The first time a bubbly, joyful feeling rose through me like a reflex, I was lying on the floor doing what looked like almost nothing.
I laughed out loud as my body moved in a new, unexpected way, and delight just… surprised me.
Feldenkrais is like if exercise and meditation had a love child. In these lessons, a teacher guides you through slow, almost suspiciously simple movements with deep, curious attention. Moshe Feldenkrais, an engineer and martial artist who created this work to recover from a serious knee injury, believed awareness held some kind of secret sauce—and I’m starting to believe him. Where we put our attention seems to have a healing quality, like putting salve on a wound.
These classes are slow. I mean really slow. Sometimes boring. I often start out annoyed.
Five minutes in, I’ve already checked the clock.
Surely, I think, we must be halfway through. We are not.
There is a discomfort for me in moving this slowly, especially for a system accustomed to urgency. I am a college professor with adolescent, highly-involved children. My days are full, fast, and moving. It is somehow easier for me to schedule a brisk, efficient workout or walk than it is to find time to be on the floor and do less. The slowness asks something of me that productivity never does. It asks me to be present and notice what is going on now, not rehash the past or strive toward the future. It asks me to be present and move simply and with attention.
How can something so simple a baby can do it, be so hard for me?
Staying in the lesson has been difficult on a number of occasions.
Sometimes the movements feel too small to matter. Sometimes I wonder if I’m doing them “right.” Sometimes my attention drifts, or I find myself subtly trying to improve the movement rather than sense it. The simplicity can feel almost suspicious – how could something this minimal be doing anything at all?

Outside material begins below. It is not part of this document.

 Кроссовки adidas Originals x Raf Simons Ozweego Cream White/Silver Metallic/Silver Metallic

And yet, if I linger – if I don’t leave – the movement changes. I change.
It becomes easier. Quieter. Almost automatic, like a child swinging higher without trying, giggling as their body has become the arc of the swing itself, the fulcrum doing the work. I remember learning about simple machines in science class. It’s only recently that I’ve started to realize and see how our complex bodies can move with this type of pure efficiency as well.
As I notice my small movements, I’m struck again and again by their quality – how the tiniest push from one little muscle can wing its way through my whole body, like wind through a kite’s ribbon. To be that pliable, that relaxed requires effort in the same way natural child birth requires it. Work isn’t even the right word, but to relax as the fierce energy of a contraction surges through you like a tidal wave is its own kind of mental and physical thing (for lack of a better word). I notice and soften muscles I didn’t know I’d been bracing. Because of Feldenkrais, I’ll notice in line at a checkout counter that – oops, there I am clenching my glutes again for no good reason. Back on the floor in class, I notice my spine feels less like a hinge and more like a figure eight, oscillating like a river.

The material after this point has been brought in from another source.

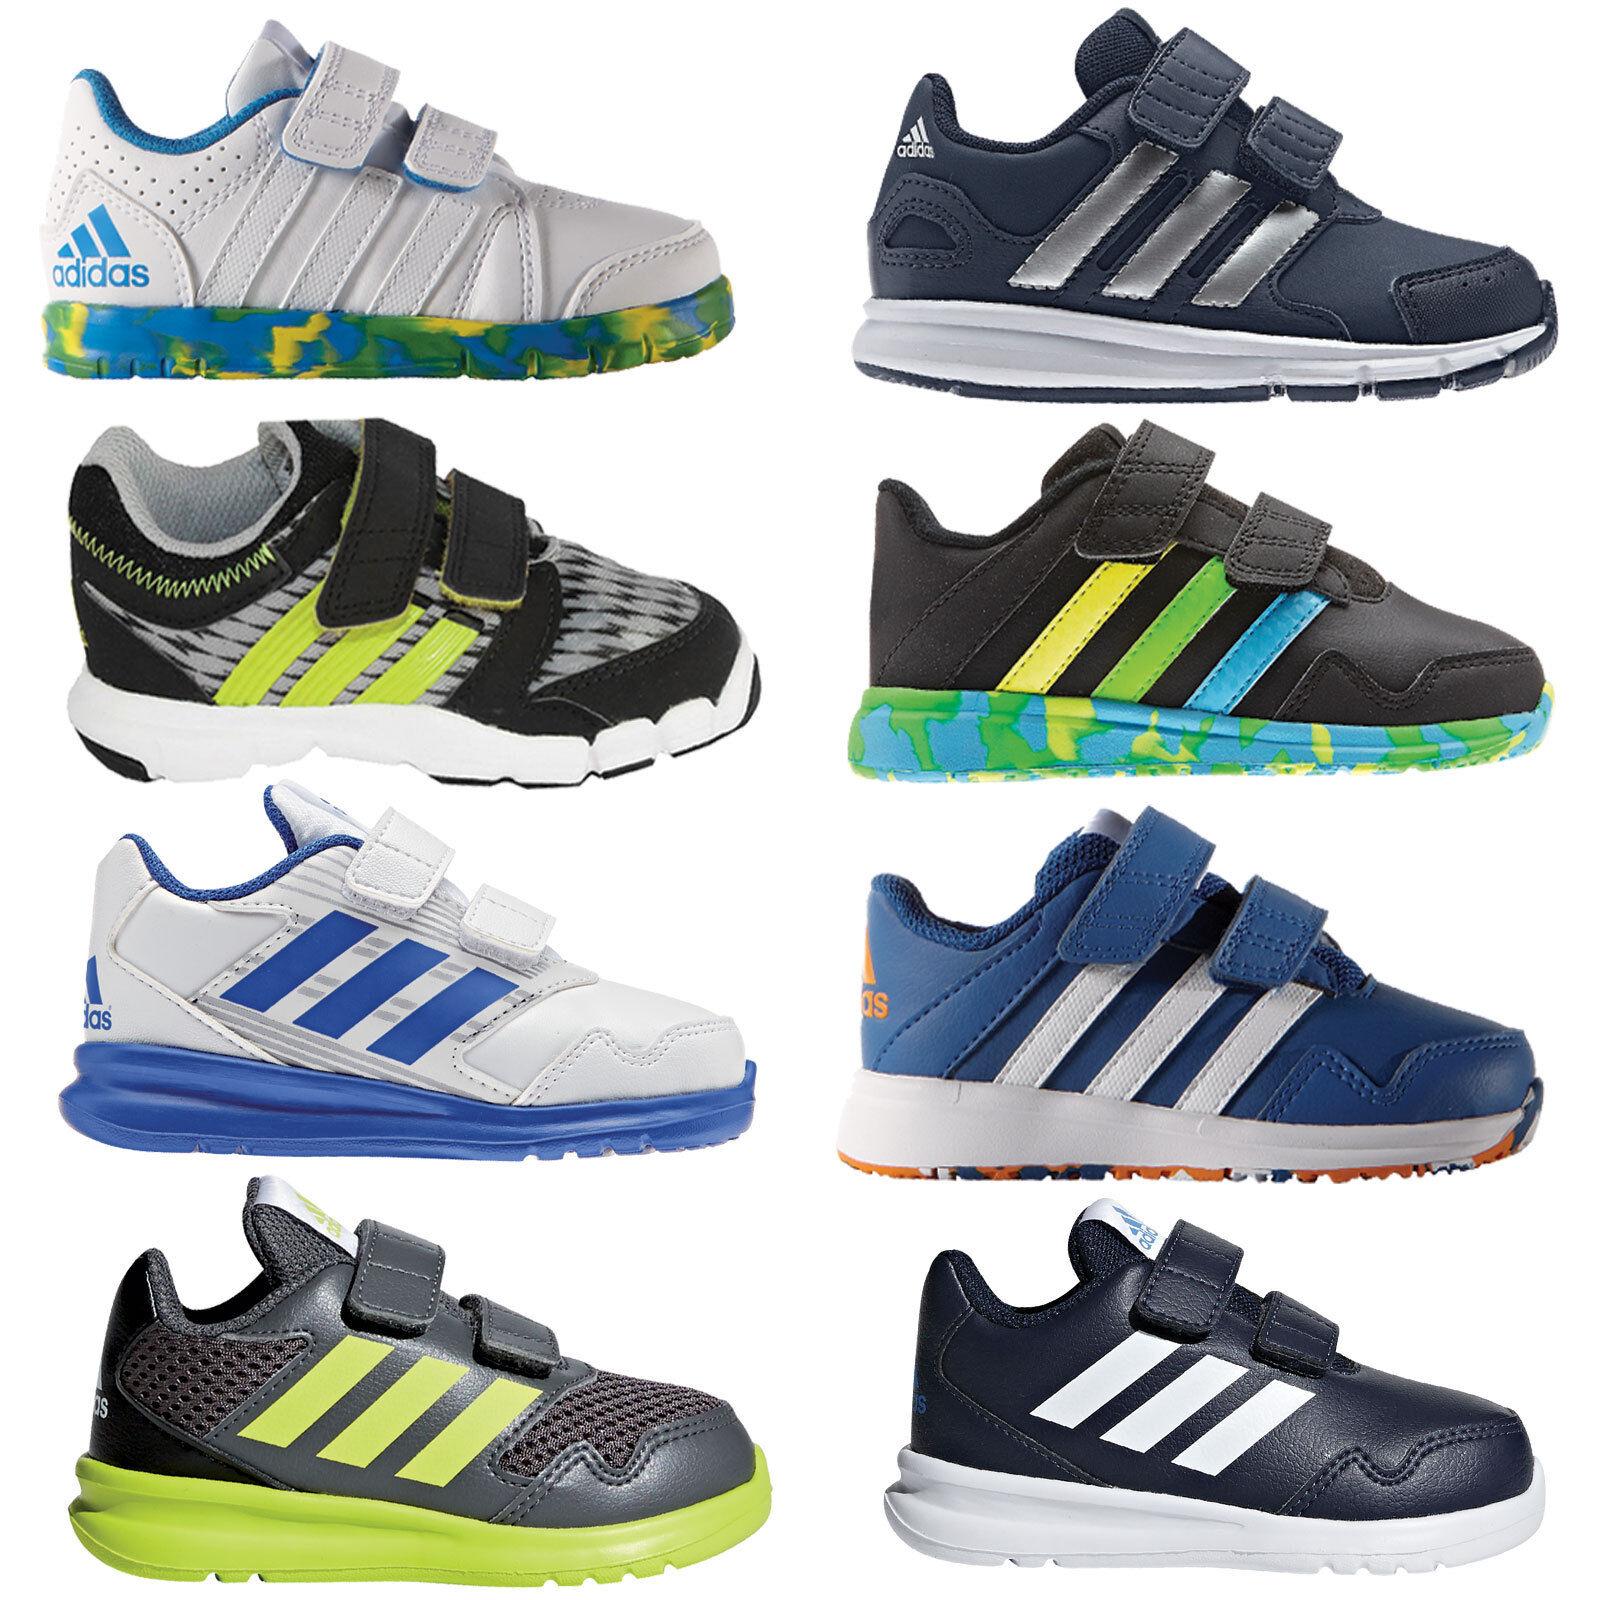 adidas Performance Kleinkind-Schuhe Jungen-Sneaker Klettverschluss-Turnschuhe

Sometimes, I feel dissolved in the movement.
But sometimes, something else happens that I haven’t told many people about.
In one of my first classes, tears came immediately. A release in my left hip. Pain in my knee. I found myself placing a hand there, instinctively, not to fix it but to offer something like kindness. I had to stop – twice – before continuing. The movements were so small, and yet what they stirred felt anything but. It had opened my system up to something I’d been holding deeper than conscious thought.
Afterward the release and energy that moved through during the class, I slept deeply, unexpectedly. When I woke, the world looked different. Not in a dramatic, cinematic way – but my eyes seemed to register more. More light. More detail. More presence.
At the beginning and end of the lessons, I lie on my back and sense the parts of my body that meet the floor. It’s like listening for sensation. And somehow, after my Zoom class, the surface area my shoulder seems to occupy is different. Not looks different. Not should be different. Is.
And even though I love this broadening of sensation, this too has been disorienting at times.
How can perception shift so wildly? What does it mean to trust a change that is felt but not seen? What is me? Where do I begin and end? These seem philosophical – but for me they are physical questions.
Sometimes being a Feldenkrais student feels like waking up sections of myself that have been on mute – maybe from my odd traumatic birth experience, where my left leg required early intervention, or maybe from my years in a scoliosis brace, maybe just from being human in a tense world.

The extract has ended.